On Monday 24 Jan 2011 23:44:44 Ian Clarke wrote:
> On Mon, Jan 24, 2011 at 12:34 PM, David ?Bombe? Roden <
> bombe at pterodactylus.net> wrote:
> 
> > I have recently started using the branching model suggested by Vincent
> > Driessen in http://nvie.com/posts/a-successful-git-branching-model/. At
> > first
> > the amount of branches that are created seem overwhelming but after a short
> > time the benefits of having features cleanly separated before merging them
> > outweigh the added complexity of the graph in gitk by far.
> 
> 
> I'm all for doing things in ways that have been proven successful by others.
>  The current approach which involves a variety of independent repositories
> does seem fairly peculiar.

Independant repositories for each subproject is sensible and normal practice.

Now, to examine the page above:

It is interesting that he endorses a push-based model, where many devs have 
push rights. This mostly works but it is tricky when a big change gets pushed 
and then undone in review. Generally the view is that it's better to just have 
many repo's and pull requests. Although right now quite a lot of people still 
have push rights. Some devs openly prefer posting pull requests. New devs are 
generally encouraged to branch via github and post pull requests. This 
certainly makes life easier for me with the current release process.

If we did choose to continue with a many-push model, we'd probably want to set 
some rules about what branches you can push to.

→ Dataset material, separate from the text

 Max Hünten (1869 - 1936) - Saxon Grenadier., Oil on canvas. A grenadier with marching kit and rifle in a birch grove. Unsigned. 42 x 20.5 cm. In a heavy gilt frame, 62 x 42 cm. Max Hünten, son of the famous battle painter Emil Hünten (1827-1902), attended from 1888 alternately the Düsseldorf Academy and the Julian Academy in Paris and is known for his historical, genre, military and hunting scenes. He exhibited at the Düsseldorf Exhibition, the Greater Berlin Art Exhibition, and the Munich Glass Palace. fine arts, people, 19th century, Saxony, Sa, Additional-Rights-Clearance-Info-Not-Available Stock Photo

He uses "master" for the stable release, and "develop" for the latest pushed 
stuff.

We use master on the stable repository for the stable release, and "master" on 
staging for the latest pushed stuff. So far so similar. Having said that, 
lately we use release branches a lot, which can diverge quite a bit from master.

Feature branches I use in origin for larger changes, and a few other people do. 
Devs who post pull requests almost universally use feature branches. Feature 
branches are good, IMHO better than developing directly on master in most 
cases. Arguably they should be used for even relatively small features.

Using the --no-ff option when merging a feature branch is a good idea.

Release branchs are a good idea. At the moment I use release branches whenever 
I need to release some small part of what is on master. Wider use may make 
sense. I only update the version number at the last minute, which IMHO is 
better for our use as things may happen that make the branch planned to be a 
release actually into the following release. These are often, but by no means 
always, actually hotfix branches by his model.

And of course we use signed tags for all releases, and for prereleases too.